Павел Юрьевич замечательно рассказывал. Это бывали суточные монологи. Насыщенные знанием и информацией, эмоциями и неожиданными суждениями.
На отмели памяти своей не так уж много сумела я найти. Кое-что, правда, теперь можно прочитать и восстановить по архивам, когда станет доступно. Но Гольдштейн как бы задал нам ракурс мышления.
Иной раз это была всего лишь фотография из его коллекции. Например, Платонова. Человек сидит в ковровом раскладном кресле, плоский, безжизненный, словно засушенный между страниц горький лист...
Да, рассказ о Максиме Горьком занял почти весь день. Мы тогда уже были брезгливы к буревещателям. А Ходасевича не читали, или Берберову. И вообще, - жизнь сложнее, старики, и революции денег стоют...
"Охранная грамота" Пастернака - впервые от Павла:
- "Разве сторож я брату моему?" - гремел Гольдштейн, и мы всю ночь разбирались в сложных взаимоотношениях Пастернака и Маяковского.
......;
Когда началась война в Израиле, Павел решил уехать. Он сделался вдруг очень религиозным, - "Мир дольний, Мир горний..," или мы просто не замечали этого раньше? То есть всерьез, а не литературно.
Как-то он пришел к нам со словами:
- Я понял, что такое Исход! Полина! Я понял! Это когда два еврея встретятся!
И дальше его рассказ, а мы внимаем, будто тоже понимаем: о Моисее, об Исходе, об Израиле, о человечестве, о Боге... и вдруг:
- Полина, а Полина, посмотри, у меня в пальце заноза, забинтуй, пожалуйста, а то приеду в Иерусалим, дадут ружье, чем я буду нажимать на курок?
А как-то он забежал к нам поздно, - мы уже и ждать перестали. Назавтра я уезжала, и к нам негаданно пришел Эмма Зеликман, мой давнишний друг. С Полиной это было их первое знакомство и Эм токовал, эффектно распуская хвост. Мы доедали торт, приготовленный для Гольдштейна и допивали мускатное вино, когда Павел влетел возбужденный.

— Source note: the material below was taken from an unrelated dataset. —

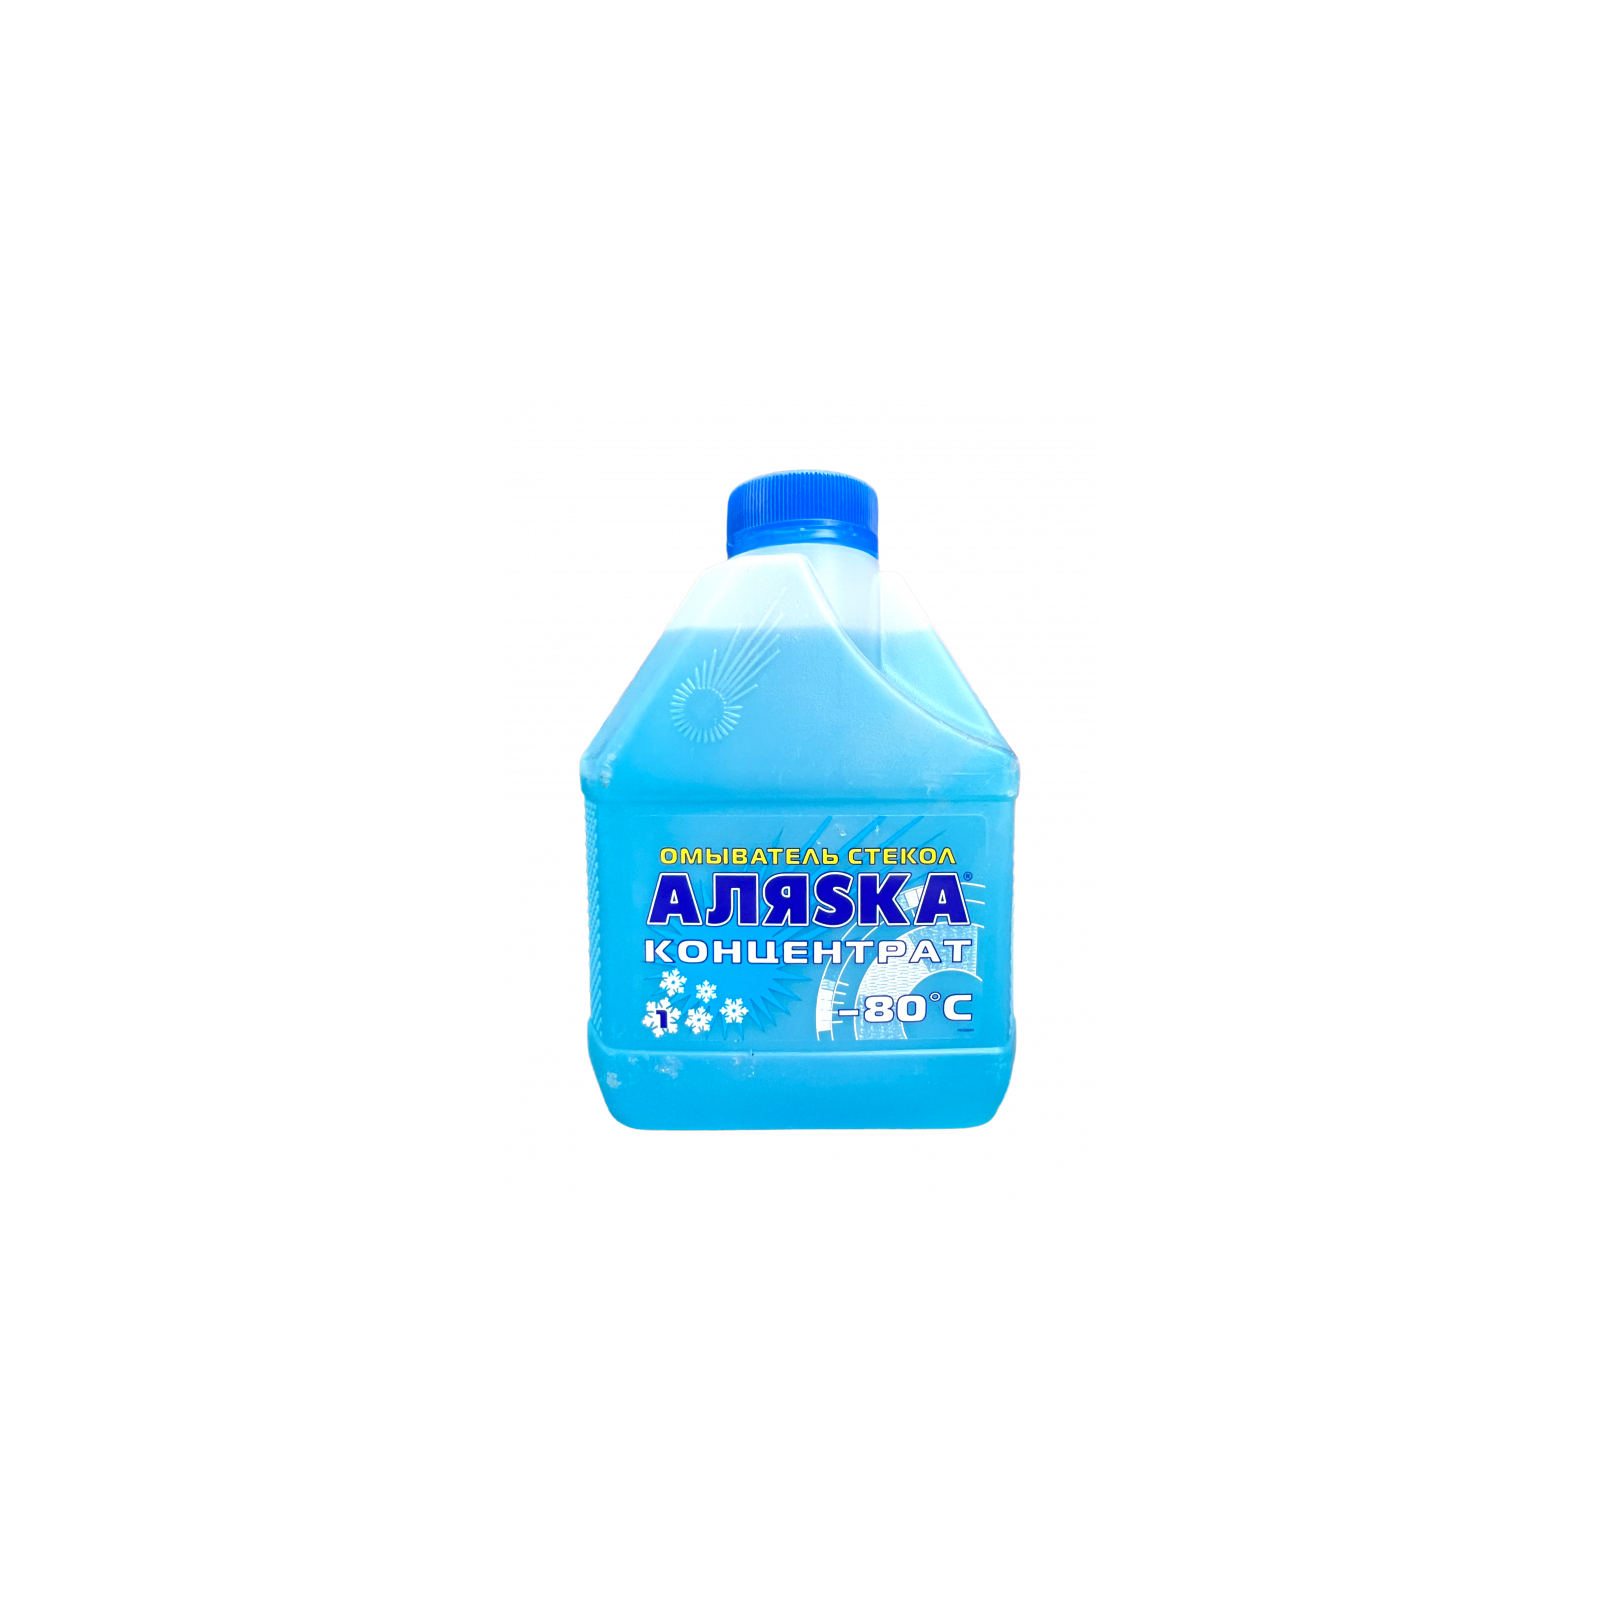 Омыватель автомобильный Аляsка концентрат -80С 1л (701236)

В секунду он оценил расклад:
- Полина! Я сегодня весь день провел в Синагоге!..
Впрочем, это могло быть и предложением дружбы.
Об Эме тоже все были наслышаны.
- А мы вот тут вкушаем от Тела Господня...

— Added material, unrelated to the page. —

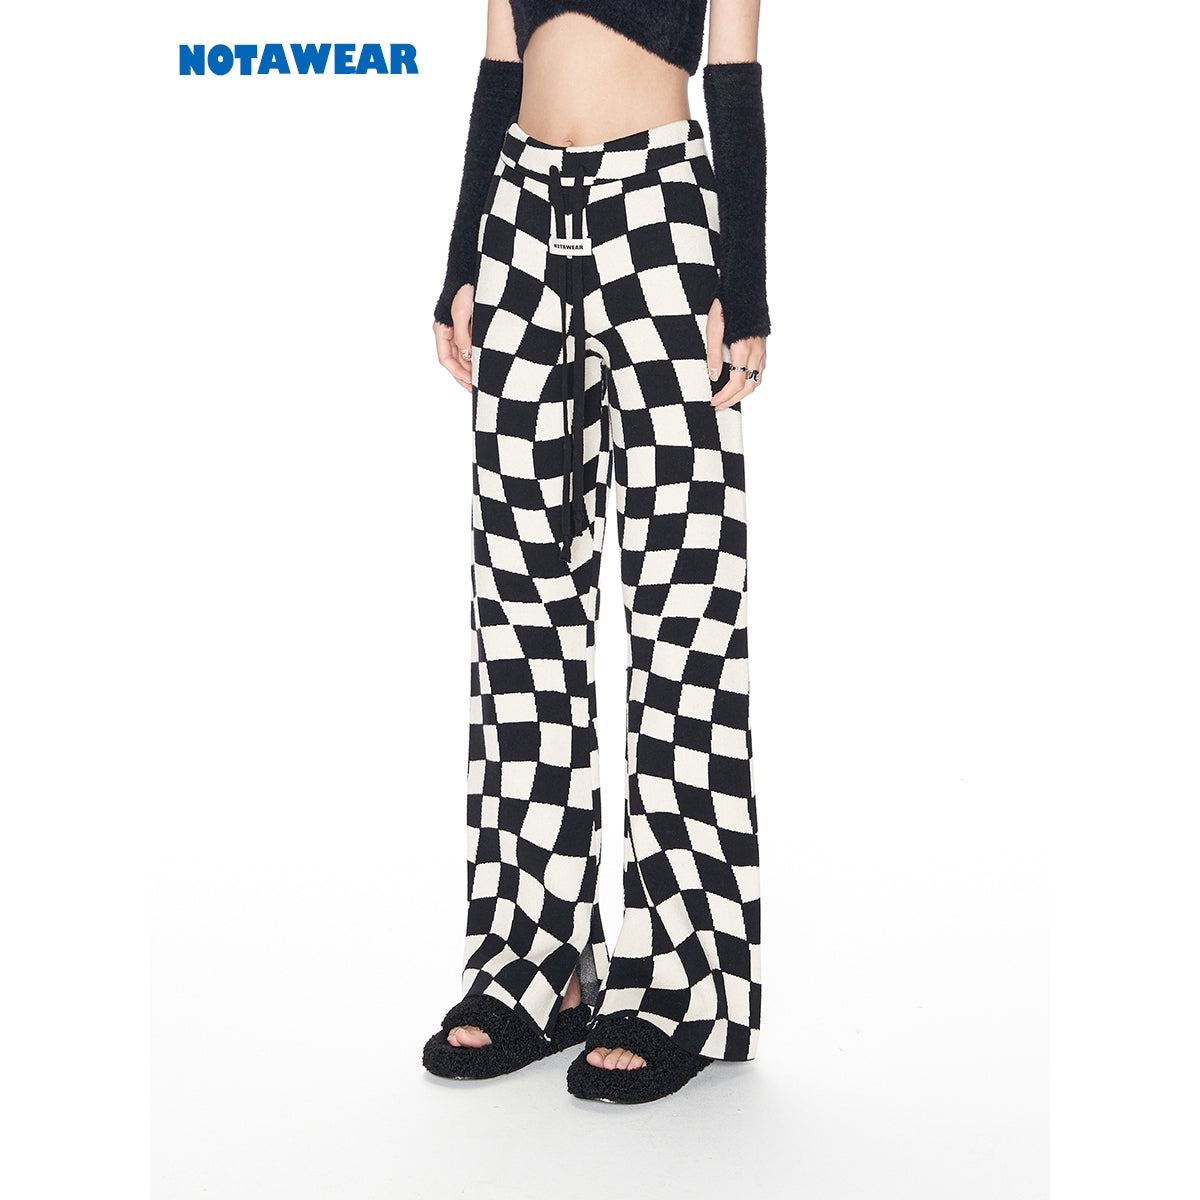 NotAwear Asymmetrical Checkboard Knit Pants

Эм был вовсе не лыком шит...
Павел остолбенел. Замерли мы с Полиной...
- Полина! Я пришел к тебе в дом, чтобы встретить здесь этого мудака! - взревел Гольдштейн и выскочил, хлопнув дверью.
Я кинулась следом.
Павел мчался через дворы, подворотни, я силилась его остановить, уговаривала, умоляла, Павел яростно отбивался, гнал меня, как-то забавно старался лягнуть...
С отчаянием, вслед уже я закричала:
- Павел Юрич, а как же Исход?!..
Он крутанулся на месте, кинулся мне навстречу как ураган. Ну, думаю, - все! Каюк...
Он подбежал, захватил в объятия и стал целовать меня размашисто через середину лица, вдруг отодвинул, поставил и совершенно спокойно сказал:
- Не обижайся, я действительно спешу, зашел на минутку проститься, ты ведь уезжаешь...
Я приехала уже только на проводы.
Последний день, последний вечер, последняя ночь.
Комната Павла, народу битком, - кто провожает, кто уезжает, кто-то поедет вскоре:
- Присылайте визу...
- Сколько телевизоров с собой брать?..
- Сколько будет стоить?..
Шумные, взвинченно веселые, бородатые с проседью, все почему-то сразу Мойши и Борохи, и только мы знакомимся как-то безымянно: Полина, Надя, Таня,...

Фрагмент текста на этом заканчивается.